Mitigation is defined as the action of reducing the severity or seriousness of something. Risk is measured, mitigated, and monitored. When it comes to banking, risk is mitigated in several ways, including using controls and clear communication. Here are some methods financial institutions use for mitigating risk.
Cultivate a Risk Management Culture: In mitigation, it is important to make all your employees aware of your policies on how to deal with risks. Not only should they be made aware of policies during the hiring process, but they should also be reminded of these policies during their employment.
To this end, it is best to hold regular training sessions. If the financial institution introduces new technology, training may be necessary to ensure that employees know how to use it without creating more risk. Outside vendors from companies providing the technology may be brought in for these purposes.

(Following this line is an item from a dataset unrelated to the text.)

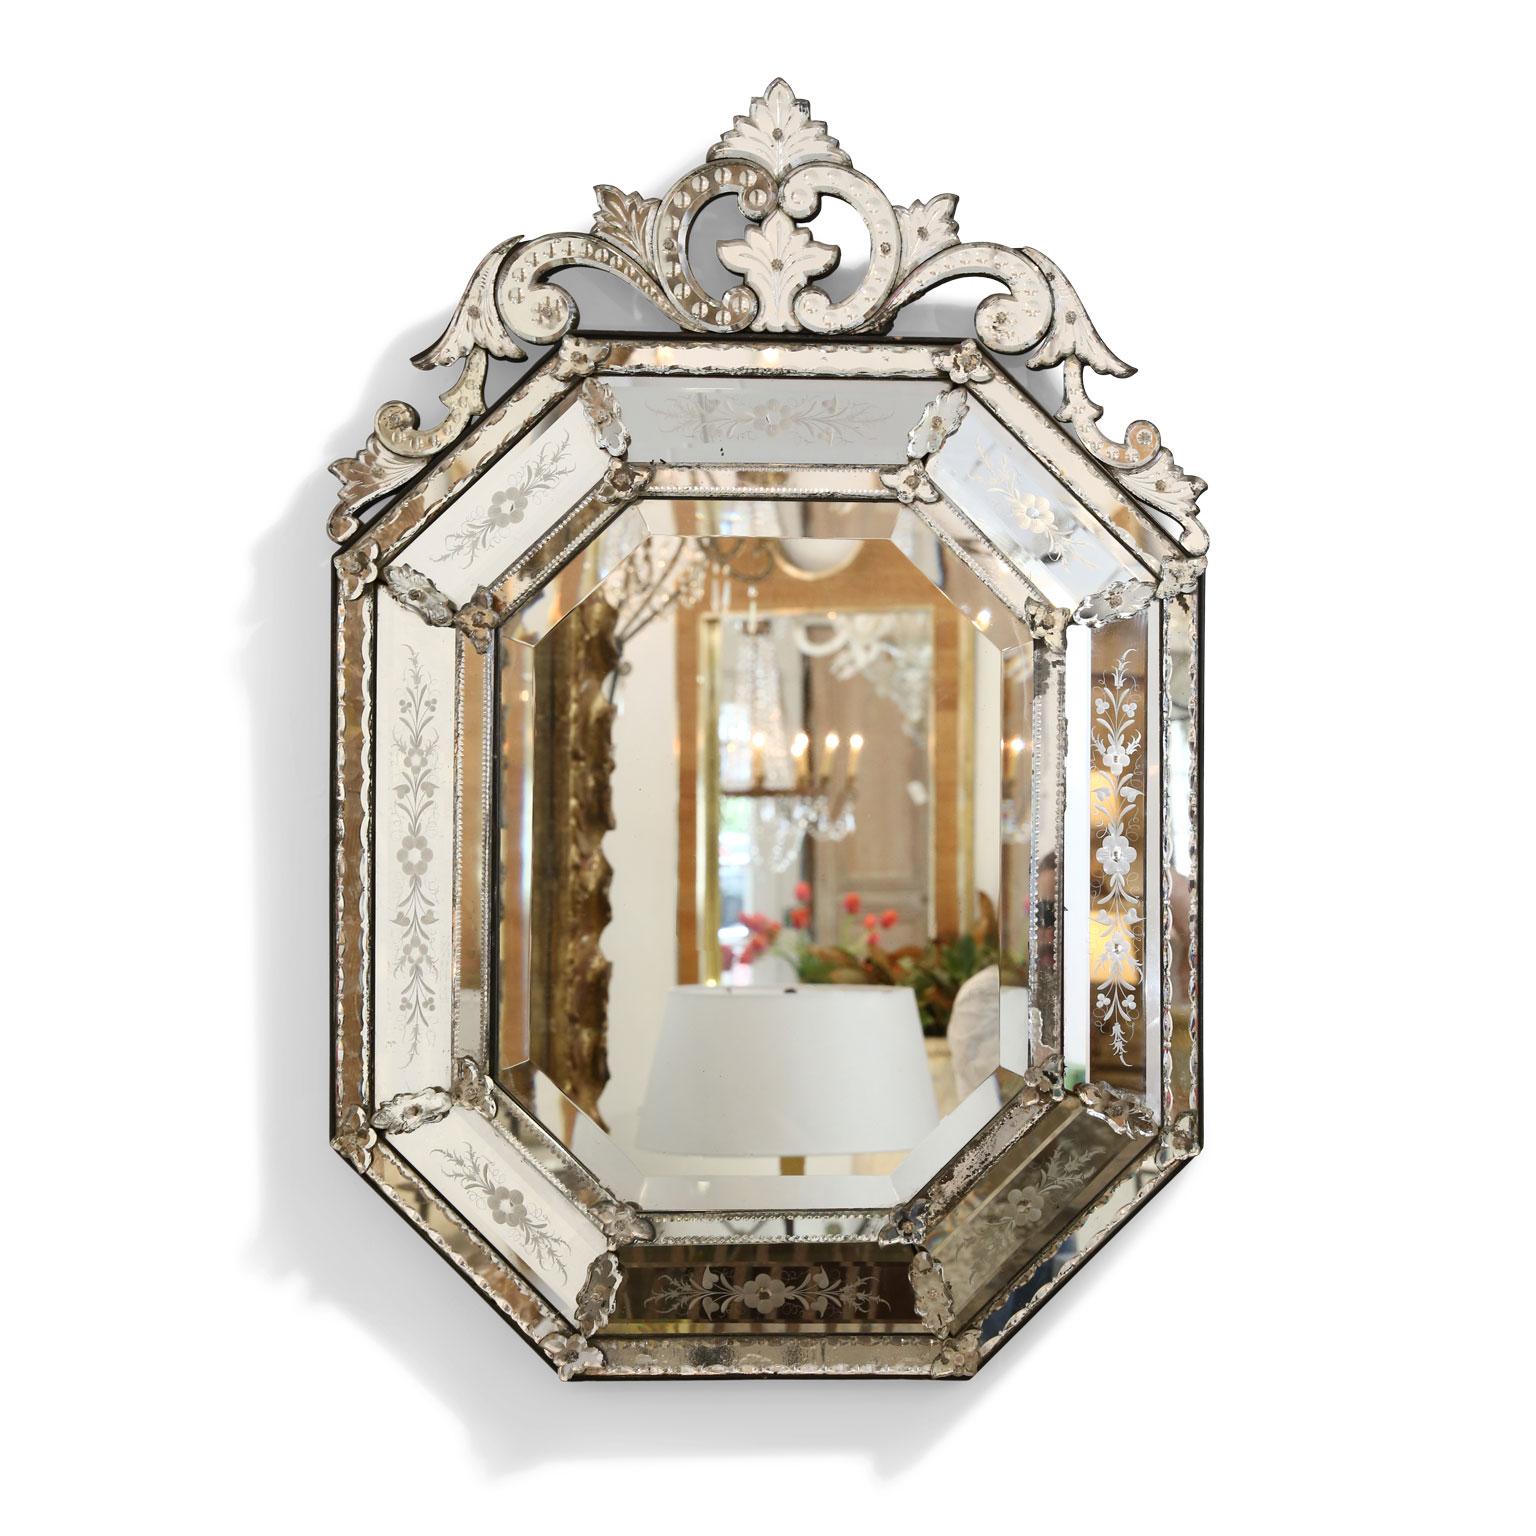 Octagonal Venetian mirror, (circa 1870-1880). Topped by elaborate openwork crest. Very good condition with only minor losses to its silvered mirror backing.

Prevent Risks: Risks for financial institutions include third-party risk, cyber risk, reputational risk, operational risk, strategic risk, and compliance risk. It’s crucial to prevent risk whenever possible. Having the right procedures in place can make the difference between security and vulnerability.
Make Sure Events Caused by Risks are Dealt with Quickly: In case an event that substantiates a risk occurs, make sure it can be dealt with quickly. Establish an effective protocol for employees to report and deal with risks. All employees need to be trained to take specified actions as soon as this event occurs and notify relevant departments immediately.
Financial institutions are vulnerable to financial risks, legal liabilities, IT security threats and data loss. With effective risk management planning, employees are aware that events that substantiate risks can occur. They know what to do to mitigate the risk without delay. They need to be alert to these risks so they notice them as soon as they arise and take the proper actions to reduce or eliminate the risk.
Risks are all too present in the banking industry. A bank may not be able to avoid all risk, but what they can do is reduce the severity and seriousness of the risks to help protect both the institution and its employees.